(TASK DESCRIPTION) Within the material below, locate the line with "ZAHLEN Spiralschloss SILIKON" and the line with "mapa de timor", then return those two lines and all lines between them, exactly as written.
*** Block opens ***
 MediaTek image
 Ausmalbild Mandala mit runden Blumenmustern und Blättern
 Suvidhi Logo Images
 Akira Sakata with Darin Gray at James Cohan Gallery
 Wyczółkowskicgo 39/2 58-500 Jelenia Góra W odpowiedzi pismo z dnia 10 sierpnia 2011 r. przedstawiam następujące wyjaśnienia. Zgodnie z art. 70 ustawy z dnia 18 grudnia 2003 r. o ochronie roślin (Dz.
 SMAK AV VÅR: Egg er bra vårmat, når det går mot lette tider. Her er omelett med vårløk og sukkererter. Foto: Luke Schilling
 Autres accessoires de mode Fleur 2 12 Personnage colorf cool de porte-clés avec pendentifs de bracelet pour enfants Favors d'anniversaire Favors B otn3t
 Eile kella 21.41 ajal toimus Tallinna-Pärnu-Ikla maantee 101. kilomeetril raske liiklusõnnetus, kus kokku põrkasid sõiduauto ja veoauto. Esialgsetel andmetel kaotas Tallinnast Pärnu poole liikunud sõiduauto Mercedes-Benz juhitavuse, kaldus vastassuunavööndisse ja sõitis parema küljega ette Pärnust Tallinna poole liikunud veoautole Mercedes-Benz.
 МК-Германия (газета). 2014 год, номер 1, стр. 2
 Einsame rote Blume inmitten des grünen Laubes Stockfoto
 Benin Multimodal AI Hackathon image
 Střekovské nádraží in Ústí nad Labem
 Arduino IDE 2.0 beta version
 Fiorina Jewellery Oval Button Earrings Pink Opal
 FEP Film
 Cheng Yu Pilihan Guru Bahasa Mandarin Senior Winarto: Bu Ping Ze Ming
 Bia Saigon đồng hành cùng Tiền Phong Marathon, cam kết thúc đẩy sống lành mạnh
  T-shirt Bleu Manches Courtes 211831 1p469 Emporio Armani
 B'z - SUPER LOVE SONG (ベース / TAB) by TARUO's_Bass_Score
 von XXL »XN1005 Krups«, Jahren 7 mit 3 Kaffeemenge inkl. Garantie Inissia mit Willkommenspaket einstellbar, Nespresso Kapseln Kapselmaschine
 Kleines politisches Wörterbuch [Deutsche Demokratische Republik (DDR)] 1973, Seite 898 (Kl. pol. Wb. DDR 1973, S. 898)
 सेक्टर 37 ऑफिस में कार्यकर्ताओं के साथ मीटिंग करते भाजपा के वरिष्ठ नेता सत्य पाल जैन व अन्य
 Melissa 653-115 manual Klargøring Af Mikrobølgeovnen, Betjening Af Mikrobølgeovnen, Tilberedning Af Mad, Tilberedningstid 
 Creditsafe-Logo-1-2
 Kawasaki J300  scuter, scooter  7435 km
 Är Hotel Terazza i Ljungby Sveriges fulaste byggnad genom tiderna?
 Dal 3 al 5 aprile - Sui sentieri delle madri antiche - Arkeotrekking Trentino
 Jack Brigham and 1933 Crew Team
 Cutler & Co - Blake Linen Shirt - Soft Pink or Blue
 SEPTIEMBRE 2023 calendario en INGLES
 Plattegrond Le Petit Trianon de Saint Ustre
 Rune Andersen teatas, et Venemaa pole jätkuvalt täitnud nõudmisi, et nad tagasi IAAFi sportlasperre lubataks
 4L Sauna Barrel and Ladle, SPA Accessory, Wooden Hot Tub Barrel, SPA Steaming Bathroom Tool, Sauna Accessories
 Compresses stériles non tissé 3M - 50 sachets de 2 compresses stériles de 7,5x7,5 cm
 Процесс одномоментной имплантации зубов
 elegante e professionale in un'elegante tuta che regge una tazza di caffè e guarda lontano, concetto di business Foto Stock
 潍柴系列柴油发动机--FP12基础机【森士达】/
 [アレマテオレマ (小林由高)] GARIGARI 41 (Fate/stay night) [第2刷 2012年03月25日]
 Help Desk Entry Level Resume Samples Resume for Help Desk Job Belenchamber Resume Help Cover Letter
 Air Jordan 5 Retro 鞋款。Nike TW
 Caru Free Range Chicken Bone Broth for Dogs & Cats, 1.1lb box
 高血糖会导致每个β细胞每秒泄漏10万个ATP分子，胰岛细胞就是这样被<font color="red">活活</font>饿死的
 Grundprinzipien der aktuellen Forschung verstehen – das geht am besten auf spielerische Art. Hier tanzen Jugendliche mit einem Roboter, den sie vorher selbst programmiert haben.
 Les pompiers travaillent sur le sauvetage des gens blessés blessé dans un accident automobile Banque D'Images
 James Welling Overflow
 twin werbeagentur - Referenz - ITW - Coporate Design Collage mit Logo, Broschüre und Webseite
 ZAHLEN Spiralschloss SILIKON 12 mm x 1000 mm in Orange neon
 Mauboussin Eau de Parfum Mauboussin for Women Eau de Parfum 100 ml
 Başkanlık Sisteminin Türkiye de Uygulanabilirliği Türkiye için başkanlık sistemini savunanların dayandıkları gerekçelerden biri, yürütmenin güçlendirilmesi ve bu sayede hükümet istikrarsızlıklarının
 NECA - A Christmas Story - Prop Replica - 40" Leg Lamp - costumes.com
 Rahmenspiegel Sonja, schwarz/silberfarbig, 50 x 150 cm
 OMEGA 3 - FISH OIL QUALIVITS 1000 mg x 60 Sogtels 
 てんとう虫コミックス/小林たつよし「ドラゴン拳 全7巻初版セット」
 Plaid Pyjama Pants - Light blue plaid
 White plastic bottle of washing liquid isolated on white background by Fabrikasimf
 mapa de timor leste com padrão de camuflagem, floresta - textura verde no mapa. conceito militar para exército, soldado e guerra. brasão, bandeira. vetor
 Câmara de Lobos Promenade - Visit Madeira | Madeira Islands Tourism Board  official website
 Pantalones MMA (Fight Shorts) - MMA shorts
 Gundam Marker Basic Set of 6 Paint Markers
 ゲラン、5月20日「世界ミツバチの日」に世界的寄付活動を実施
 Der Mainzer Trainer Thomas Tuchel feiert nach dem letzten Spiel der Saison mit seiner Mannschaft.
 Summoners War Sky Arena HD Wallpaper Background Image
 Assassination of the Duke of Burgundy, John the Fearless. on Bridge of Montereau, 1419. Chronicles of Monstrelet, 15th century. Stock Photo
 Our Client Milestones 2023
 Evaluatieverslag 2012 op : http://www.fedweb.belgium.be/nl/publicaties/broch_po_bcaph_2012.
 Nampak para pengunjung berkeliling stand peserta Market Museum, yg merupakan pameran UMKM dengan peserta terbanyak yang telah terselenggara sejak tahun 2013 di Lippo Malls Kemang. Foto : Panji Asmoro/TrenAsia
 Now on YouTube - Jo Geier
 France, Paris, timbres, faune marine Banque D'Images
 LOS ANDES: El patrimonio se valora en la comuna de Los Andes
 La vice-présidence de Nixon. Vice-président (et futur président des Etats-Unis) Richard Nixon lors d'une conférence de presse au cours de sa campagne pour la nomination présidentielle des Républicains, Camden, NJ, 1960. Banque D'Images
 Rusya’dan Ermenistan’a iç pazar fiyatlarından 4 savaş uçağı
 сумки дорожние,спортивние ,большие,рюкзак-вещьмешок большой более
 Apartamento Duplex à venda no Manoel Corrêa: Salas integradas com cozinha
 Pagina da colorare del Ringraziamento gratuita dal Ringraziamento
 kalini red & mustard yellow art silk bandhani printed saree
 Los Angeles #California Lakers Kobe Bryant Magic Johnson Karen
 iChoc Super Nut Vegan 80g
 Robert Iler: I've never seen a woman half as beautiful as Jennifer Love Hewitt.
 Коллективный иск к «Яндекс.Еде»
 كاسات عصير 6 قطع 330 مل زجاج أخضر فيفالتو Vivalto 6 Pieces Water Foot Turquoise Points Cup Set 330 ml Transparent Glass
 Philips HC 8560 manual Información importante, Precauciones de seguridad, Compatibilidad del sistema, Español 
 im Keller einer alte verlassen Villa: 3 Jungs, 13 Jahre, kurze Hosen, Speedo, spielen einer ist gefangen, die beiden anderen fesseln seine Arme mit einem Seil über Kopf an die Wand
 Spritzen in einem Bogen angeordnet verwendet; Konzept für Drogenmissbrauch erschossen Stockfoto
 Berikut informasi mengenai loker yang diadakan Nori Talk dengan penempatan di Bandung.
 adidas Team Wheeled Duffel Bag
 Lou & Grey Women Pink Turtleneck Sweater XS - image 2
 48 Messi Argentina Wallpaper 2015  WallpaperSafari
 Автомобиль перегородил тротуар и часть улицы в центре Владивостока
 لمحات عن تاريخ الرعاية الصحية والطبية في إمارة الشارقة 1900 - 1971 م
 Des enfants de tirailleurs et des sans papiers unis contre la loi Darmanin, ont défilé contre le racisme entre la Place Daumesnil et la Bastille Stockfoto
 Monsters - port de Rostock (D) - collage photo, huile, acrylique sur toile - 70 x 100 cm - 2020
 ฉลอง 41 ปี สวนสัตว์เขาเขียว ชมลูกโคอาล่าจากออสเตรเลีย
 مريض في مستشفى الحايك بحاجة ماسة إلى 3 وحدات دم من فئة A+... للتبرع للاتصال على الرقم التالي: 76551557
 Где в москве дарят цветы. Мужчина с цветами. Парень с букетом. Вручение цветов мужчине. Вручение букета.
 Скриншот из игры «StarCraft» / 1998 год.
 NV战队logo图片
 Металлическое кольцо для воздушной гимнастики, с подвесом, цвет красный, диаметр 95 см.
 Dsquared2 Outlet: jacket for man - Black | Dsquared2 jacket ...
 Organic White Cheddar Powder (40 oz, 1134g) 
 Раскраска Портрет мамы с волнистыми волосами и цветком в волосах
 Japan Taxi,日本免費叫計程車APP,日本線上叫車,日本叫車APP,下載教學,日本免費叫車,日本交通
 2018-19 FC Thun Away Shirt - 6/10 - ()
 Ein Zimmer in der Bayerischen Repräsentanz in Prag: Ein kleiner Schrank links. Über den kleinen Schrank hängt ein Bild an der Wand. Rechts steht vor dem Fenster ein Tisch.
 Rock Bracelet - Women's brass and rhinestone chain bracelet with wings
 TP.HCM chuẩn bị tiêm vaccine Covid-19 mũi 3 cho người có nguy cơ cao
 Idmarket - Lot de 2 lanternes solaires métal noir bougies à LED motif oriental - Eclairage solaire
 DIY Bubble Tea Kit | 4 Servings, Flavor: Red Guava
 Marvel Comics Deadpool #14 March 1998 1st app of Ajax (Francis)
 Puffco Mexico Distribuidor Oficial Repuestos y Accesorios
*** Block closes ***
(WRITTEN SOLUTION)
 ZAHLEN Spiralschloss SILIKON 12 mm x 1000 mm in Orange neon
 Mauboussin Eau de Parfum Mauboussin for Women Eau de Parfum 100 ml
 Başkanlık Sisteminin Türkiye de Uygulanabilirliği Türkiye için başkanlık sistemini savunanların dayandıkları gerekçelerden biri, yürütmenin güçlendirilmesi ve bu sayede hükümet istikrarsızlıklarının
 NECA - A Christmas Story - Prop Replica - 40" Leg Lamp - costumes.com
 Rahmenspiegel Sonja, schwarz/silberfarbig, 50 x 150 cm
 OMEGA 3 - FISH OIL QUALIVITS 1000 mg x 60 Sogtels 
 てんとう虫コミックス/小林たつよし「ドラゴン拳 全7巻初版セット」
 Plaid Pyjama Pants - Light blue plaid
 White plastic bottle of washing liquid isolated on white background by Fabrikasimf
 mapa de timor leste com padrão de camuflagem, floresta - textura verde no mapa. conceito militar para exército, soldado e guerra. brasão, bandeira. vetor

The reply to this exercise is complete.